OAA and Scalability
Facilitator is single point of failure
Facilitator is bottleneck for communication
of Facilitator + peer-to-peer communication
Notes:
The OAA is currently a research prototype exploring techniques for enabling more flexible interactions among distributed components. As pointed out in this slide, there are certain limitations with respect to the scalability of the simple agent-client, facilitator-server pictures shown previously. Here are two possible strategies for retaining OAA’s flexibility while sidestepping some of the scalability issues:
1. First, an OAA Facilitator is an agent like another, so other network topologies of agent configurations can be constructed. One example (but not the only possibility) is a hierarchical construction, where a top level Facilitator manages collections of both client agents and other Facilitators. Facilitator agents could be installed for individual users, for a group of users, or as appropriate for the task.

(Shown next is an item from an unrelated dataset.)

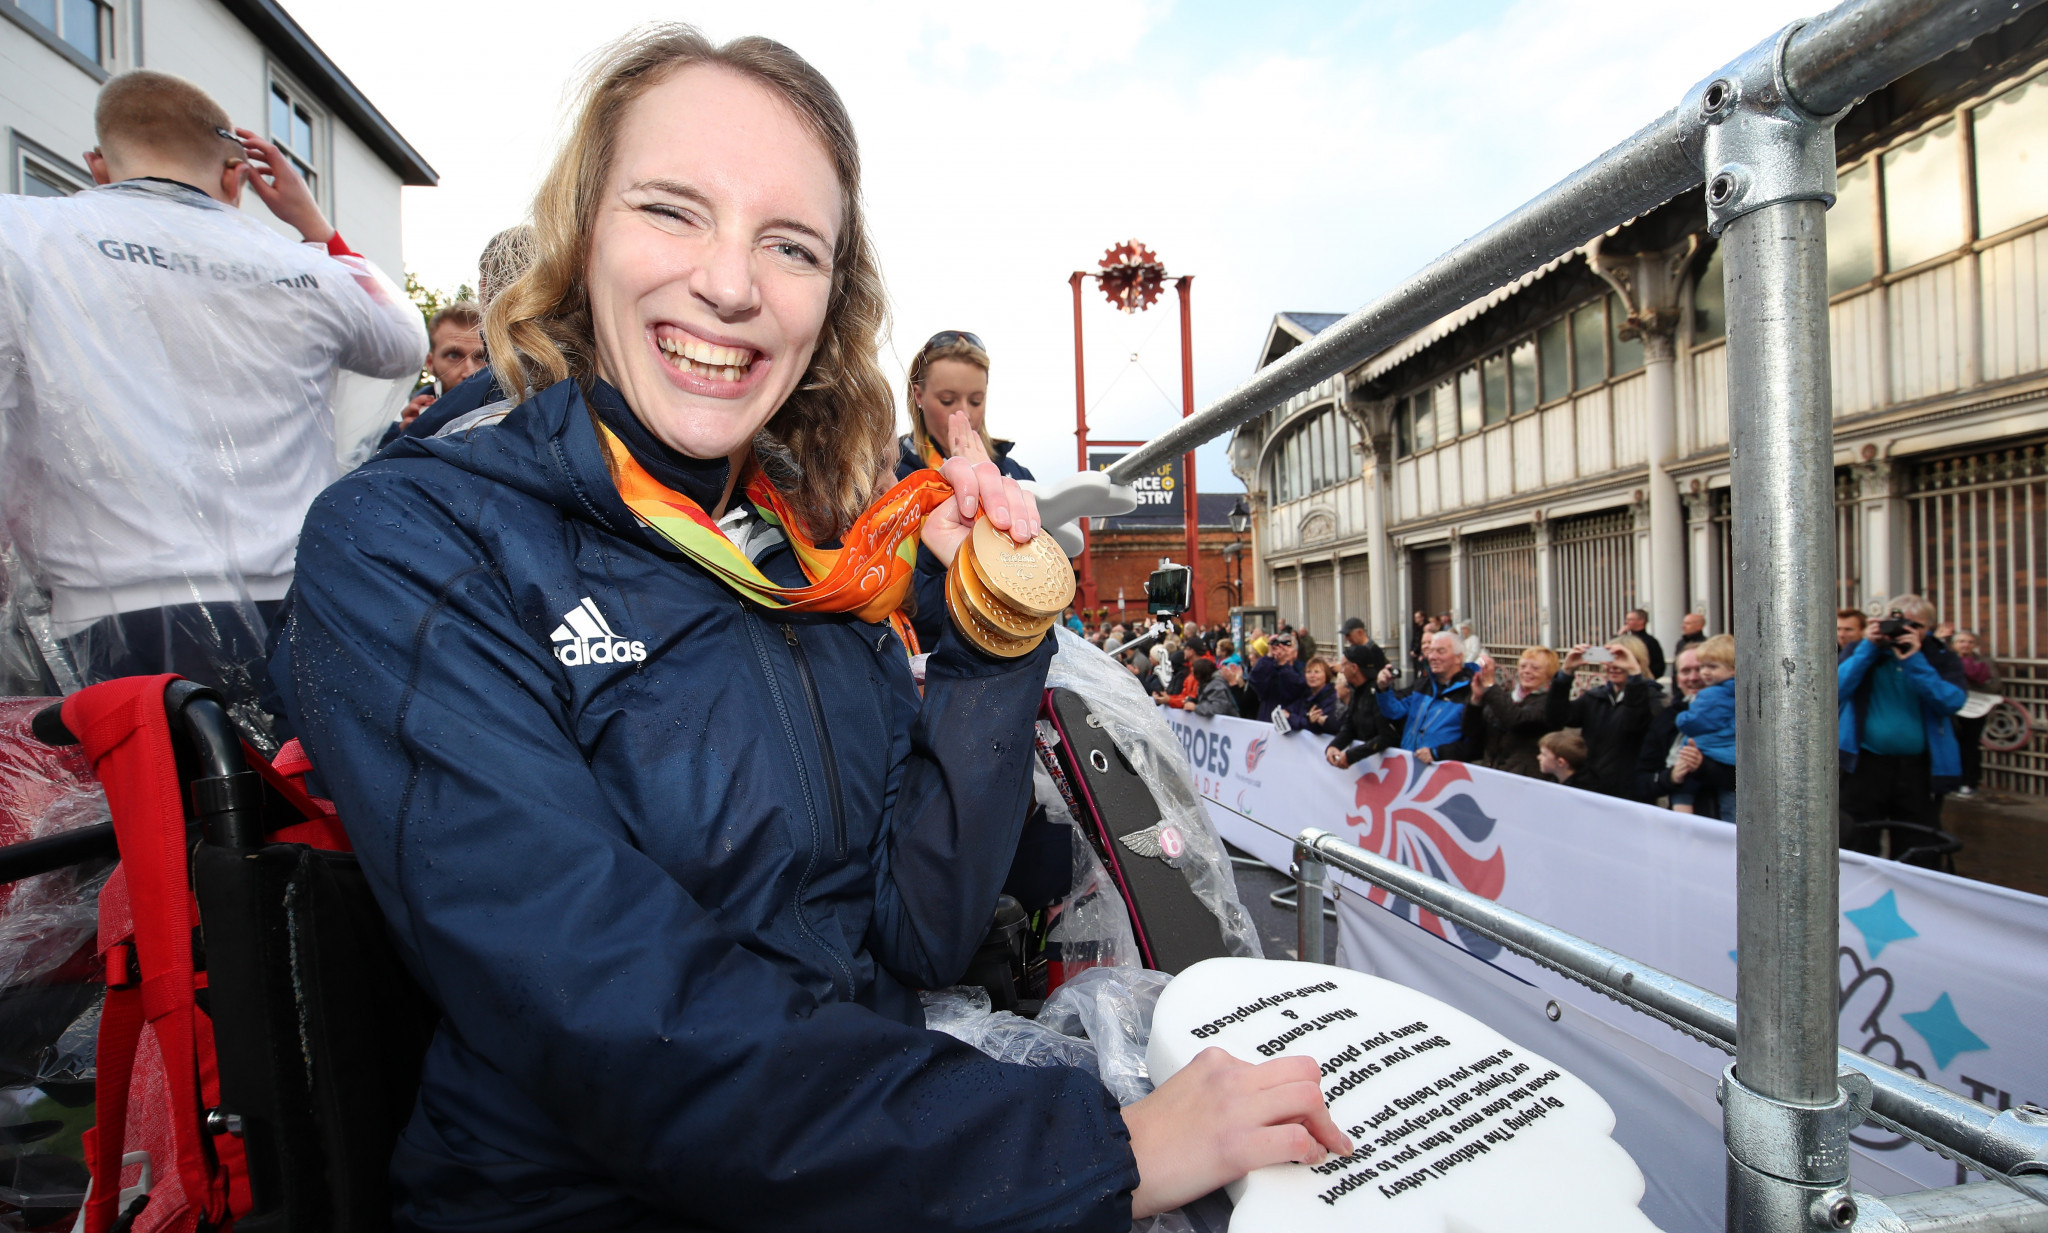 IPC unveil film to showcase London 2012 Paralympic Games employment legacy

2. A second approach is a bit more difficult to explain, but seems very promising. In the current version of OAA, a Facilitator agent, upon receiving a complex request, will break the request into pieces, discover which agents can participate in the resolution process, and then constructs an execution plan describing who, how and in what order the agents will interact to accomplish the overall goal. Once the plan is constructed, the Facilitator begins executing the plan, sending requests to agents in parallel, collecting and routing answers to other agents, etc. By separating these two phases (planning & execution), the planner and registry component can easily be replicated across many machines, and the execution state of a complex request, instead of the Facilitator storing this for all agent requests (e.g., single point of failure), can be distributed among many agents.
In addition, it is clear that techniques such as load-balancing, resource management, and dynamic configuration of agent locations and numbers could be naturally incorporated into the Facilitator, using any of the OAA topologies discussed.